16 Mayıs 2016 Pazartesi

SORUMLULUK SAHİBİ OLABİLMEK

    Ailenin ilk çocuğu olmakla birlikte, bir de kız çocuğu olmam faktörü var haliyle. Çocukluk döneminden yavaş yavaş uzaklaşma birlikte, aslında halen bir çocuk olmanız gerçeği arasında, bir takım değişimlerde hayatınıza girmiş bulunuyor.


   Ben 4 yaşındayken erkek kardeşim dünyaya geldi ve ben annemi gözlemleyerek kardeşimin yanındaydım. İlk başlarda onu kabullenememiş olsam da, her gelene kardeşimi kakalamaya çalışsam da, tek çocuk olmadığım gerçeği ile yüzleşmek zorunda kaldım. Aslında o kadar da kötü bir şey değilmiş. Onunla beraber vakit geçirdikçe ''iyiki varsın'' diyebiliyordum.

   Annem ile pazara gitmek, aldığı poşetleri taşımak bile inanılmaz keyifliydi. Annem yemek yaparken ona yardımcı olmak, fasulye mi ayıklıyor hemen bende otururdum yanına ya da farklı bir şey mi var, dahil olmamam imkansızdı. Ben küçükken konserve yapardık, o malzemeleri dizerdim özenle kavanoza, nasıl yapıldığını bilmezdim ama gözlemleyerek yapardım her şeyi. 

   İlk okula başladığım zamanlarda, bizim evin asla olmazsa olmazı,yaprak sarması için yaprakları iki kere yıkardım. Düşünsenize bir kilodan fazla yaprak var ve ben yıkıyorum. İsyan ettiğim çok olmuştur ama yine de görevimin üstesinden gelmişimdir. Sonraki aşamada kız kardeşim de oldu. Haliyle bende biraz daha büyüdüm. Bu sefer de yaprak sarmaya başladım. O benim için aslında bir terapi gibiydi. Yaprakları diz, içlerini koy ve sar. Tencereye dizmeyi beceremezdim onu da annem yapardı. Annemin hasta olduğu bir gün onun için bulaşıkları yıkamıştım. Ama aslında bulaşığın sıcak su ile yıkanması gerektiğini bilemediğim için annem iyileşince bütün her şeyi tekrar yıkamıştı. O zaman evlerde sıcak su ya da bulaşık makinası yoktu. Çaydanlıkta su kaynatılır, leğene dökülür öyle yıkanırdı. Tabi benim için ocağı yakmak zor bir işti. 

   Hatta bir gün anneme sürpriz olsun diye, hamur mayaladım. Sonra ağzını kapattım ve de üzerini örttüm.
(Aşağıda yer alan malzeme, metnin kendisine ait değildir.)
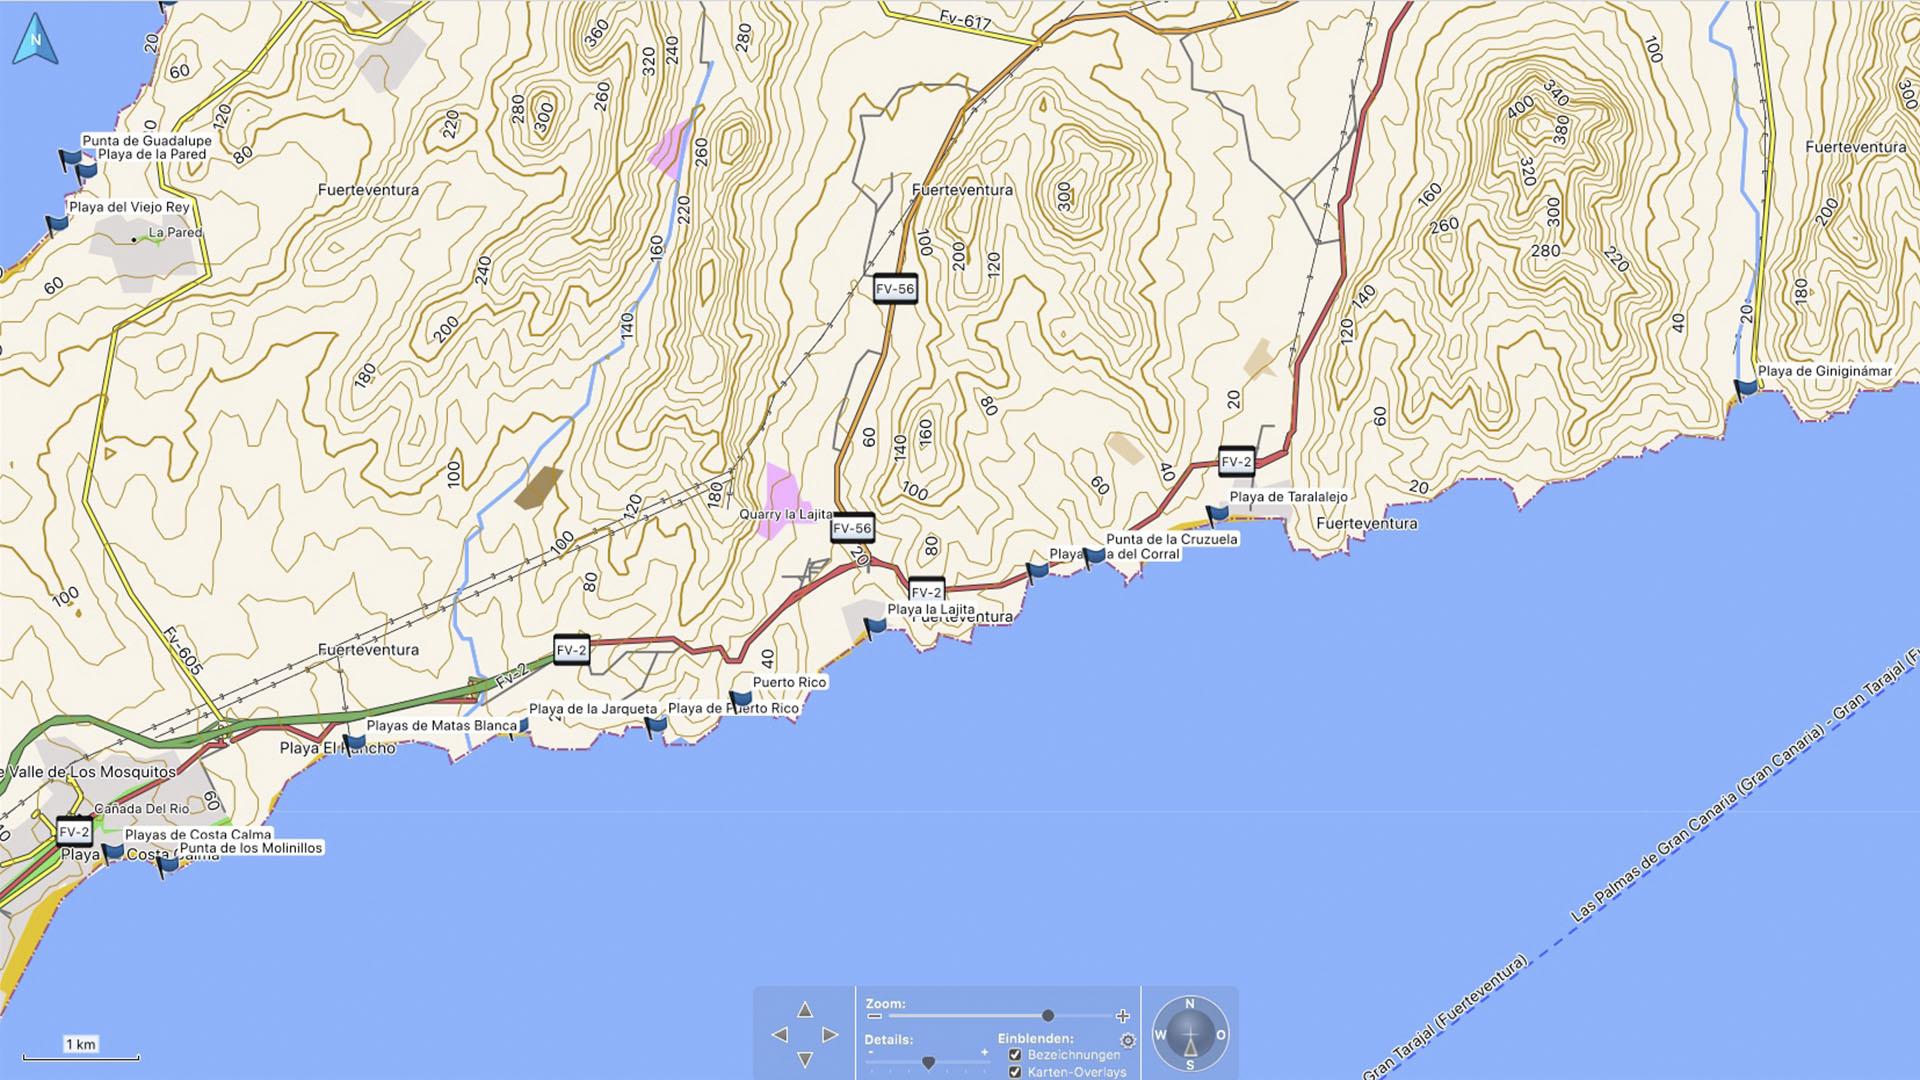 Fuerteventura Karte der Straende: Die Strände Giniginamar - Costa Calma.
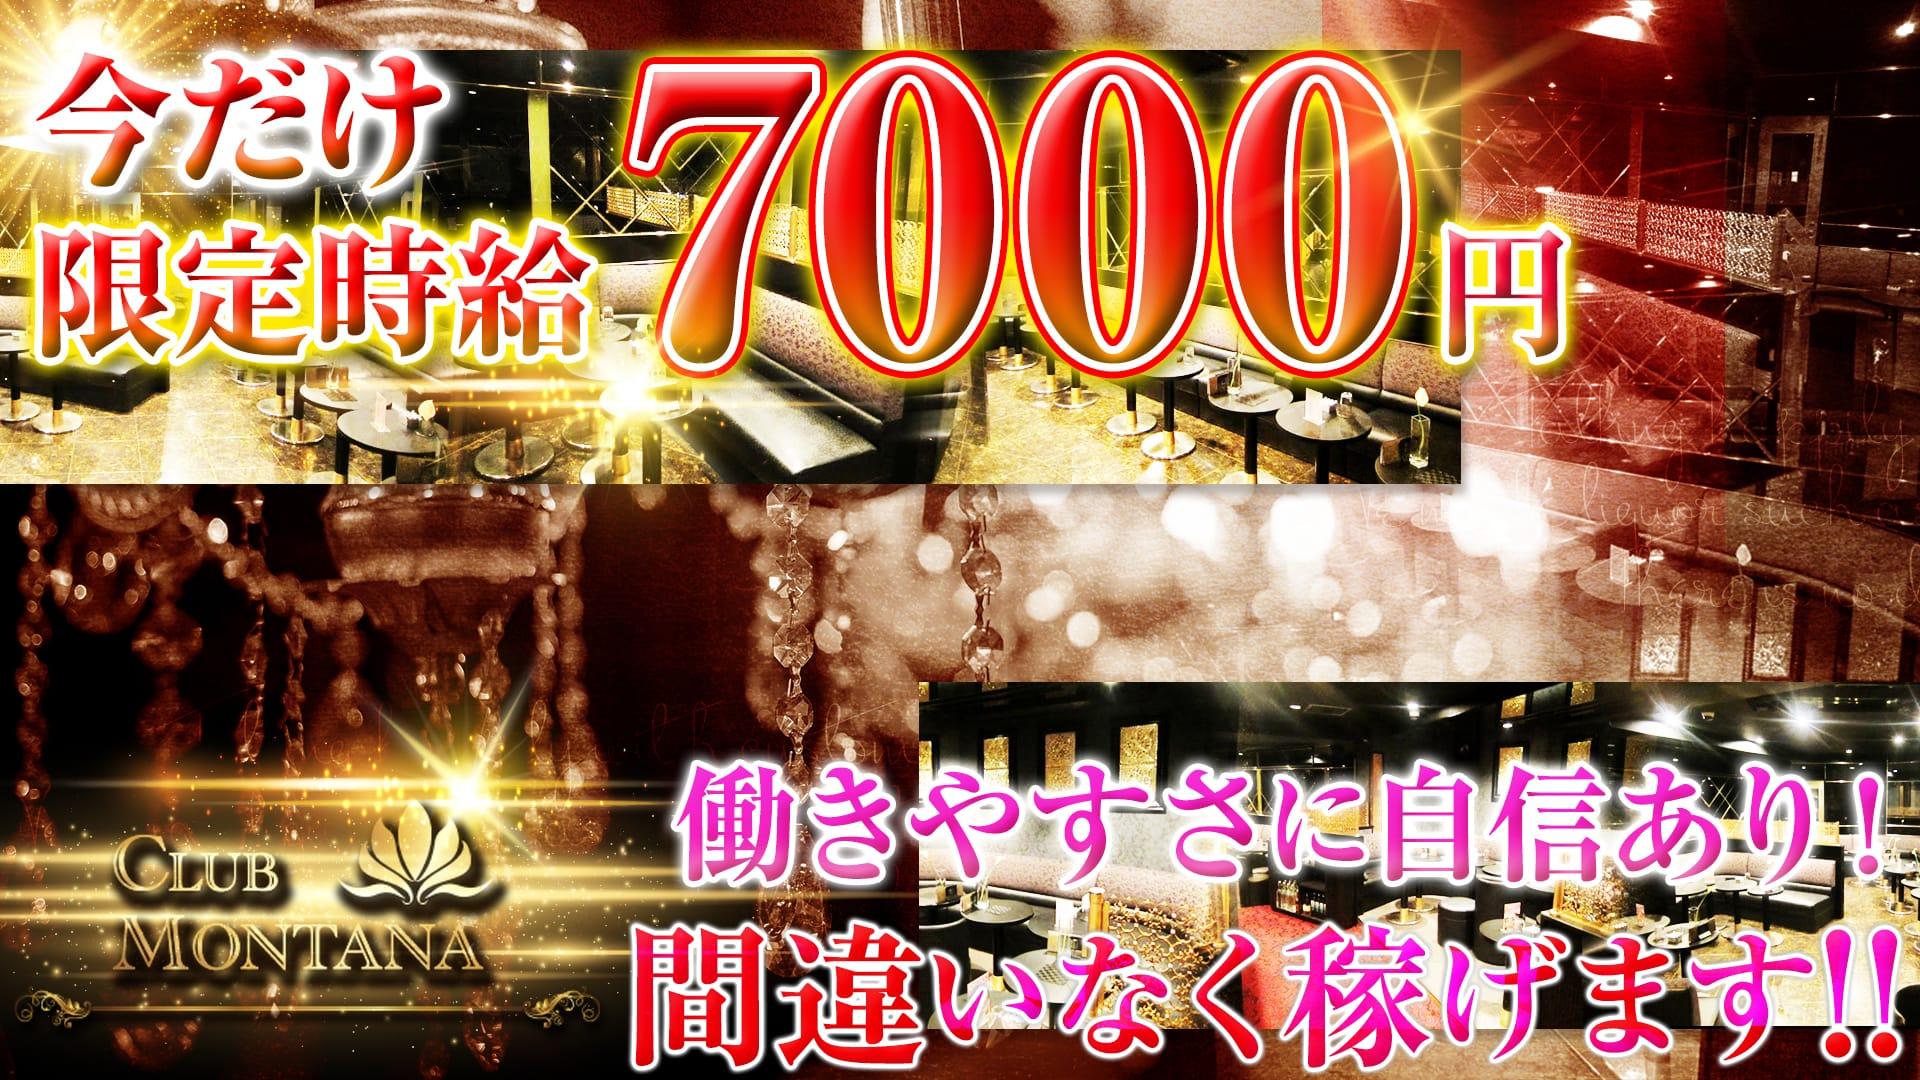 CLUB MONTANA(クラブ モンタナ) 西船橋キャバクラ TOP画像

Amacım, hamurun kabarmasını sağlamak ve poğaçalar yapmaktı. Çünkü annem hep böyle yapardı. Bir saat sonra açtım ama hala kabarmamıştı. Babam gelirse kızar düşüncesine kapılarak üzerine bir sürü şey kapatmıştım ki, anlamasın diye. Annem geldiğinde anlattım ve hamura bakınca kahkahayı bastı. Daha fazla un gerekirmiş. Ama ben nereden bileceğim, daha çok küçüğüm ki!

   Evde bir bebek olduğu için, kardeşimi okuldan almaya ben giderdim. Kardeşimle beraber yemek yerdik. Ders çalışır sonra takılırdık.

   Şimdi bütün bunlar nereden aklıma geldi. Çocuklarla ilgili bir yazı okudum. Ve ailelerin küçük yaşta çocuklarına sorumluluk vermesi gerektiğini yazıyordu. Eğer küçükken sorumluluk sahibi olurlarsa, büyüdüklerinde de sorumluluk sahibi olurlardı. Evet, bu bende vardı. Ne kadar sorumsuz olarak görülsemde, kimin ne düşündüğü umrumda değil, sorumluluk sahibiyim. Yapılması gerekenleri yapabilirim, düşünmeye kabiliyetim bir birey olduğumu gösteriyor. Yapılması gerekenleri de, yapılmaması gerekenleri de bilebiliyorum.

   Sorumluluk duygusu küçük yaşta kazandırılıyor gerçekten de. Belki içimden geliyordu ama annem her zaman bana bir görev yüklemişti. O zamanlar ona kızsam şuan için teşekkürlerimi sunuyorum. Armut piş ağzıma düş yapmadı. ''Yaptığın banaysa öğrendiğin kendine'' dedi yıllarca. Ve şuanda her şey için ''İYİKİ'' diyebiliyorum. Özellikle çevremde sorumluluk sahibi olmayan, sorunlu insanları gördükçe, bir kez daha sevinebiliyorum.